Data extracts:
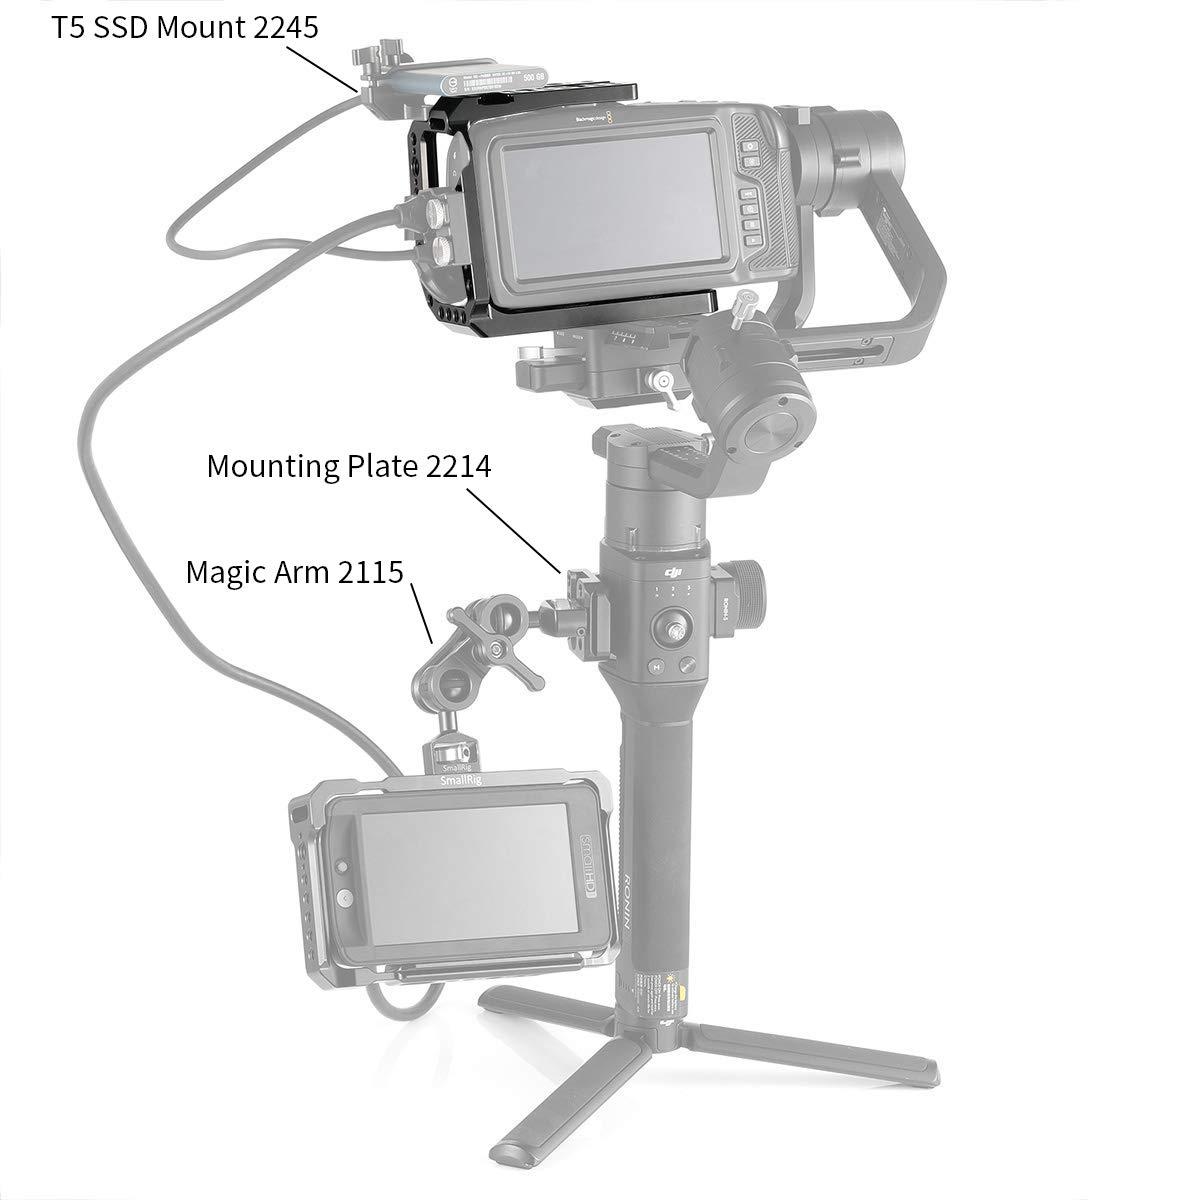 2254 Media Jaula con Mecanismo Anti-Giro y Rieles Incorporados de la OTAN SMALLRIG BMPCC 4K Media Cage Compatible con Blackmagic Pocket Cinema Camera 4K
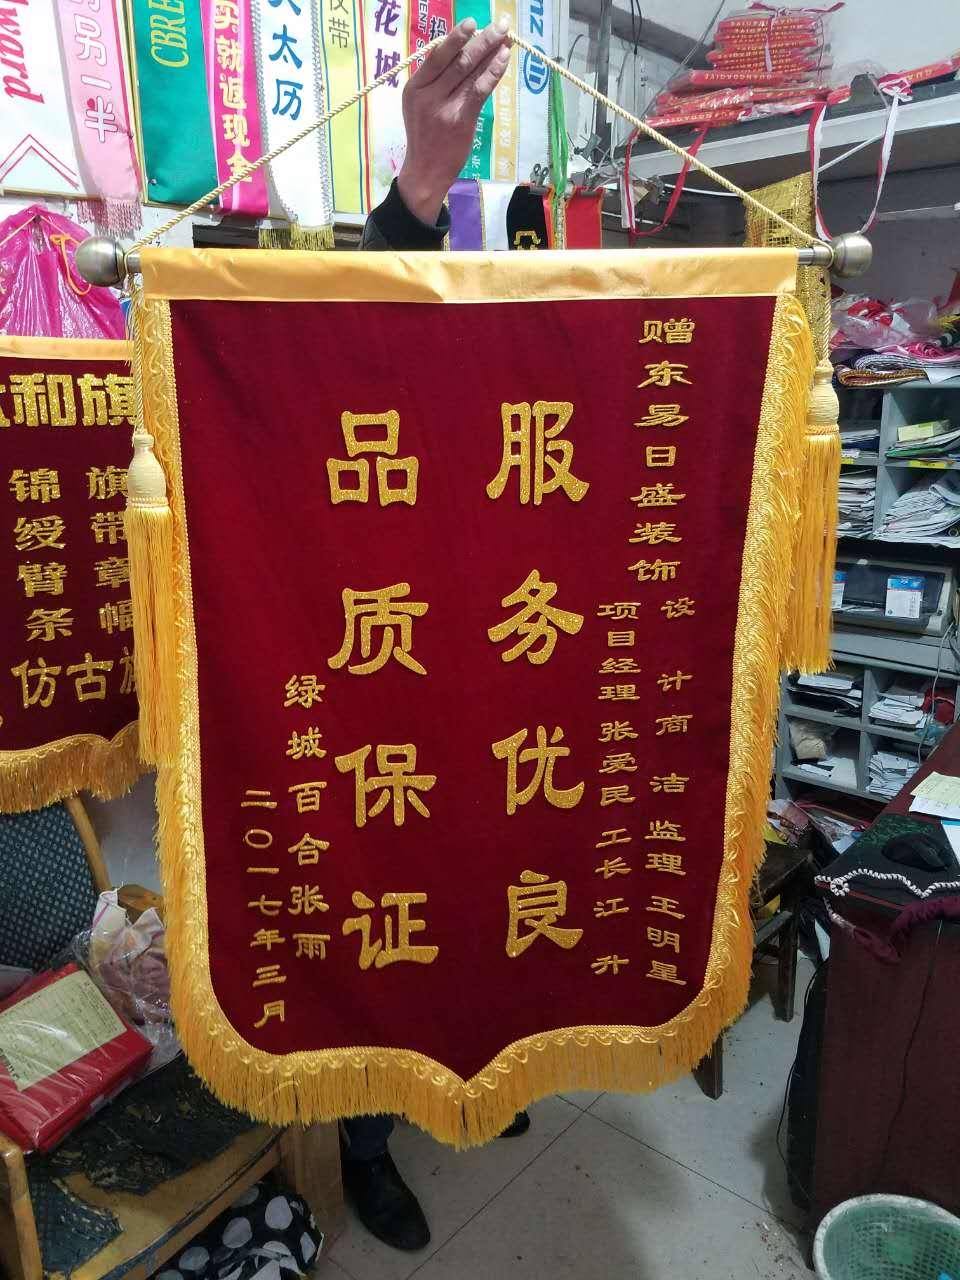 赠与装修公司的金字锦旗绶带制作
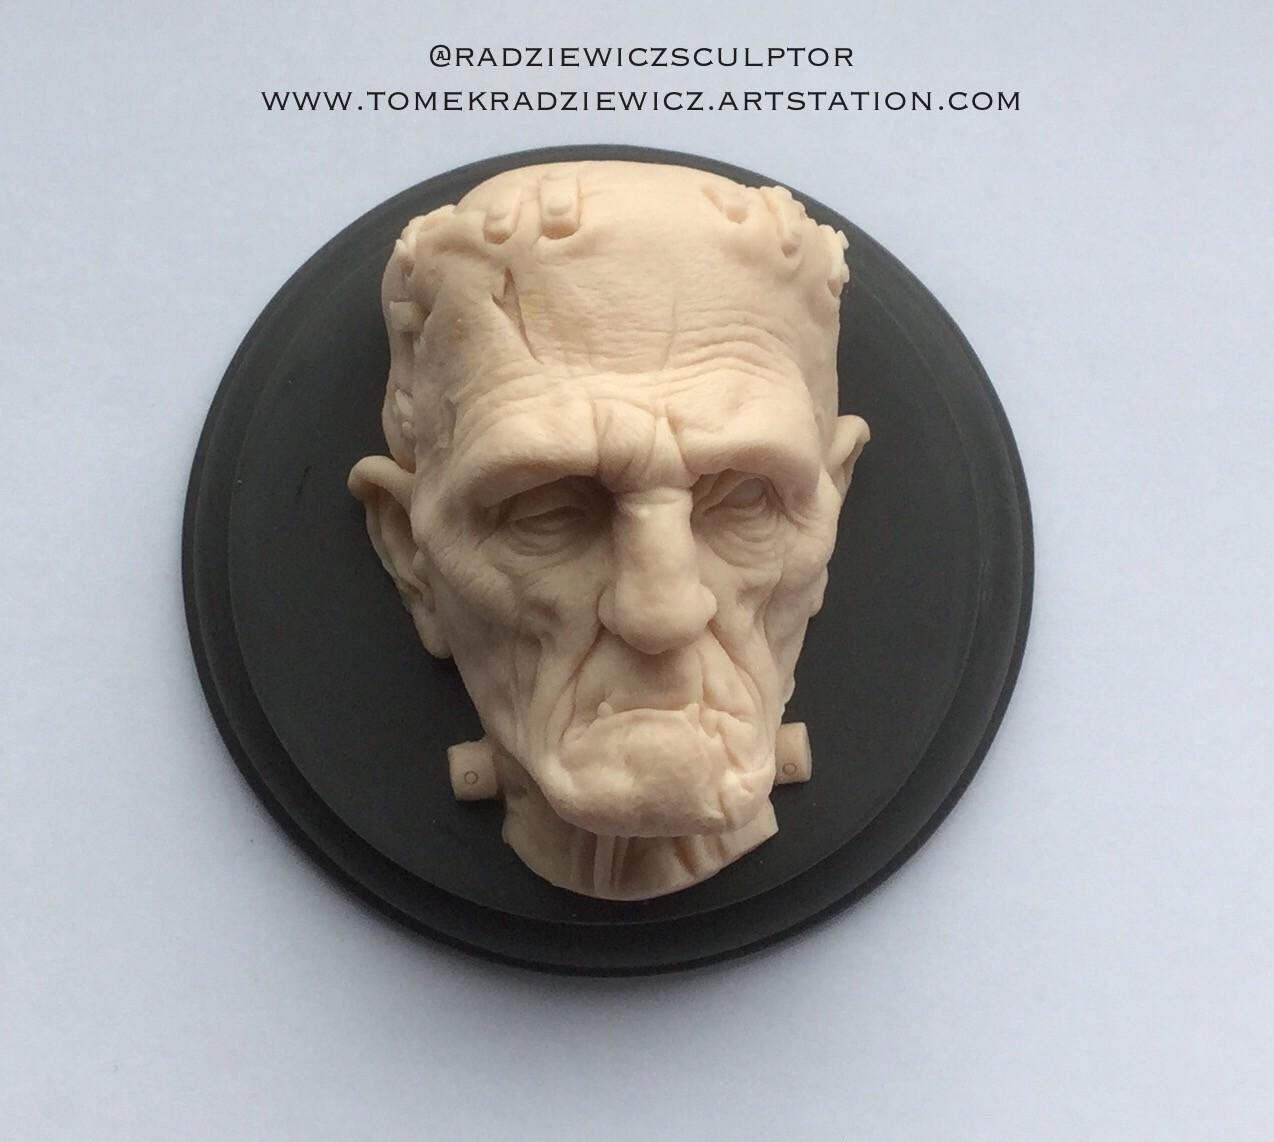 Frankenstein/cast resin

...

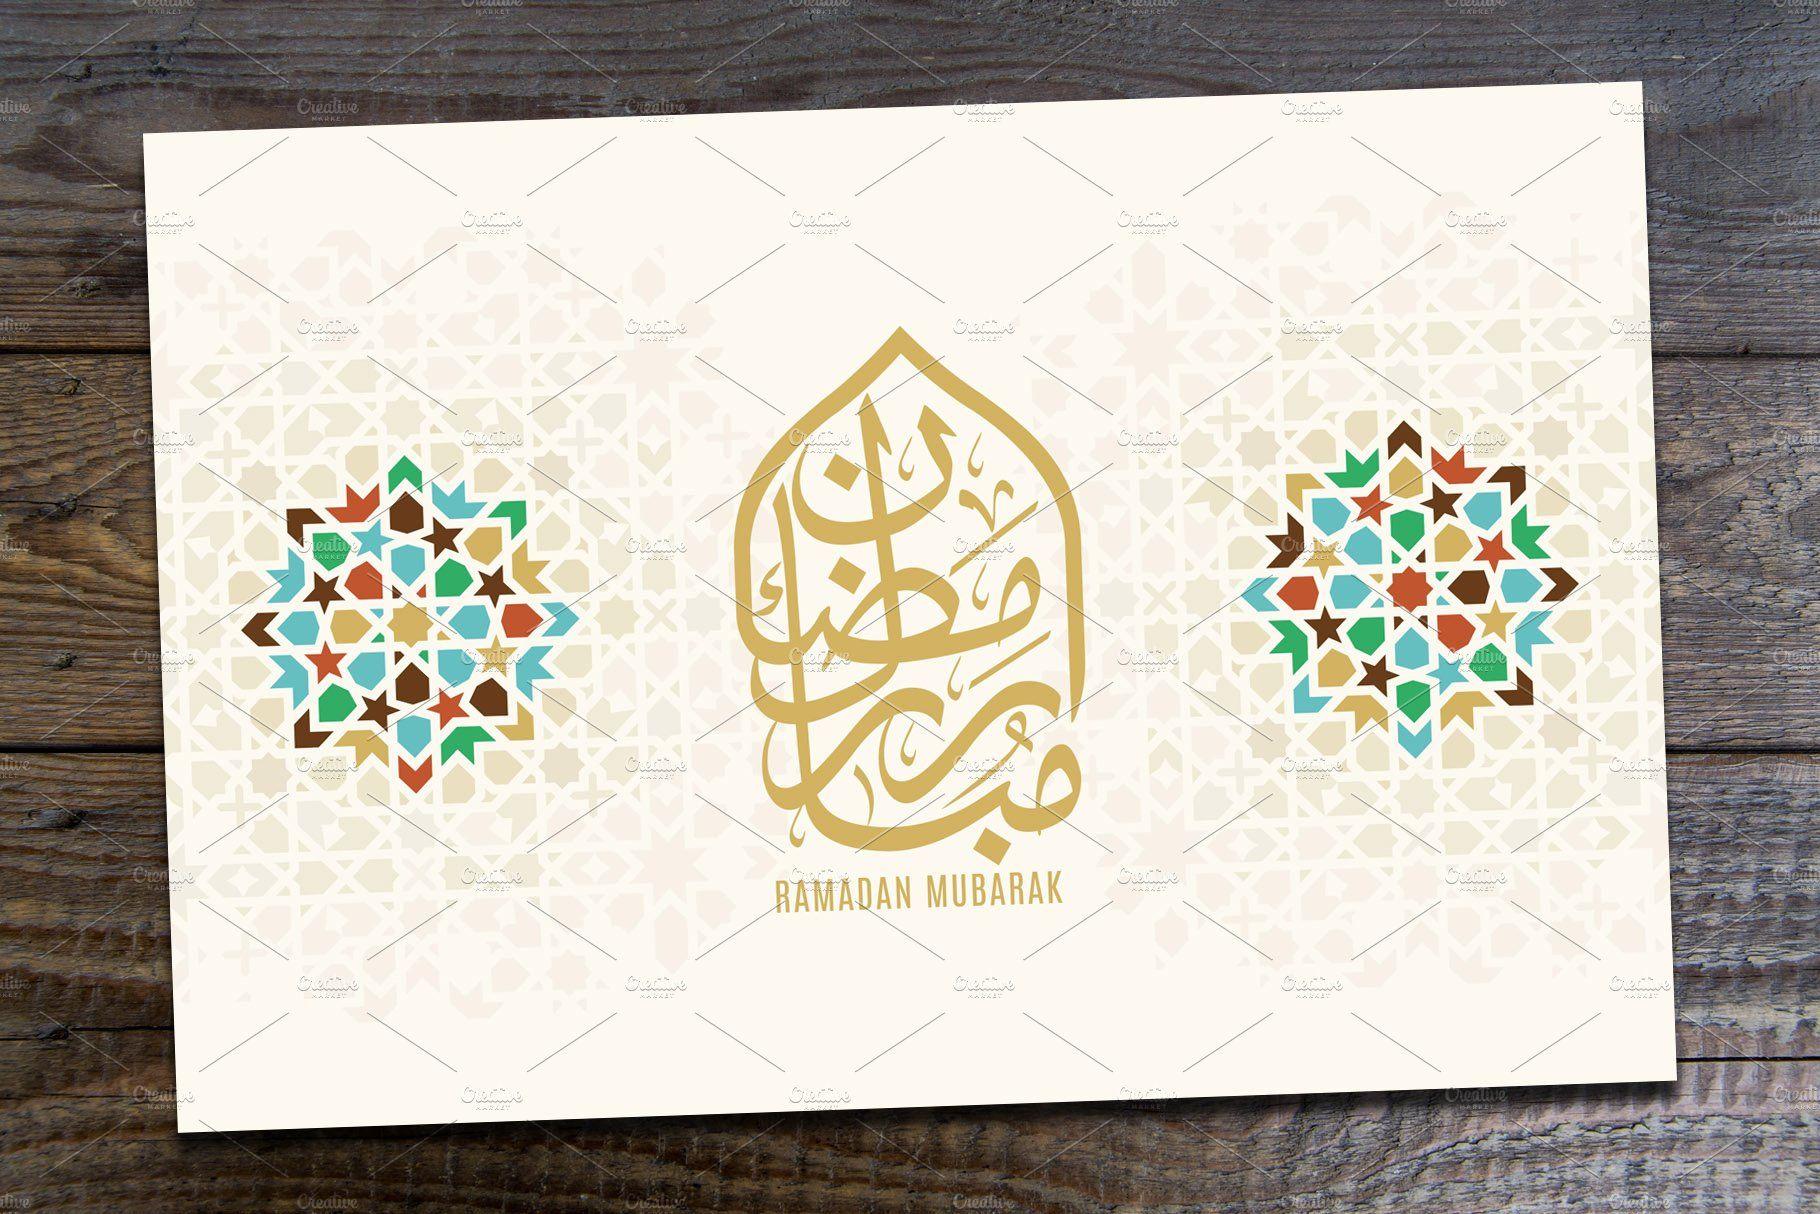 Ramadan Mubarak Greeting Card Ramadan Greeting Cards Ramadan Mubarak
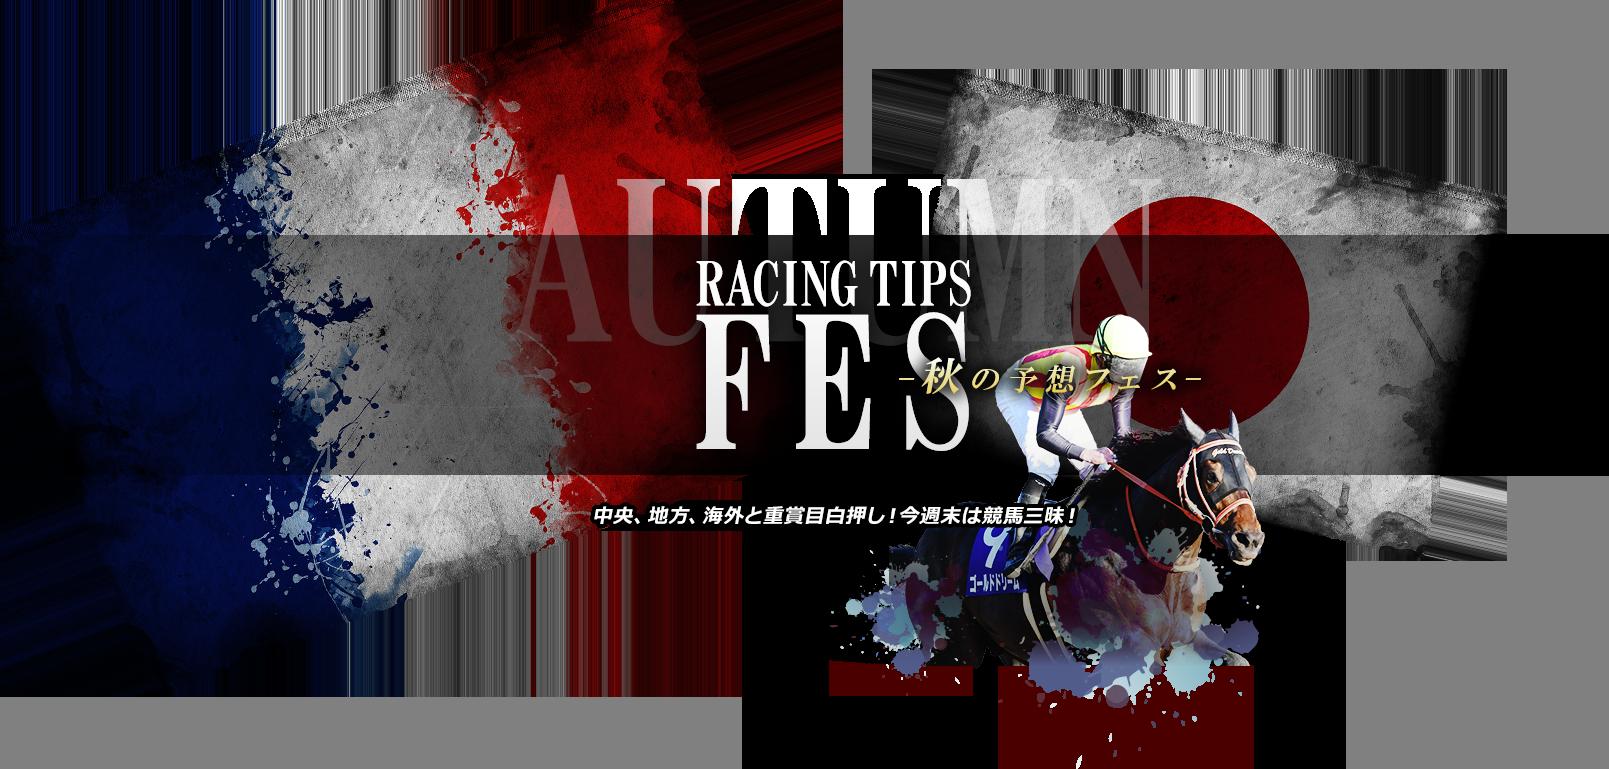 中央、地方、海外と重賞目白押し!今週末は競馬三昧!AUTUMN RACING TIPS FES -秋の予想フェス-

Work task: In the material above, the stretch from the line with "Ramadan Mubarak Greeting" through the line with "中央、地方、海外と重賞目白押し!今週末は競馬三昧!AUTUMN RACING TIPS" is to be given again exactly, minus the pictures.

Solved exercise:
 Ramadan Mubarak Greeting Card Ramadan Greeting Cards Ramadan Mubarak
 中央、地方、海外と重賞目白押し!今週末は競馬三昧!AUTUMN RACING TIPS FES -秋の予想フェス-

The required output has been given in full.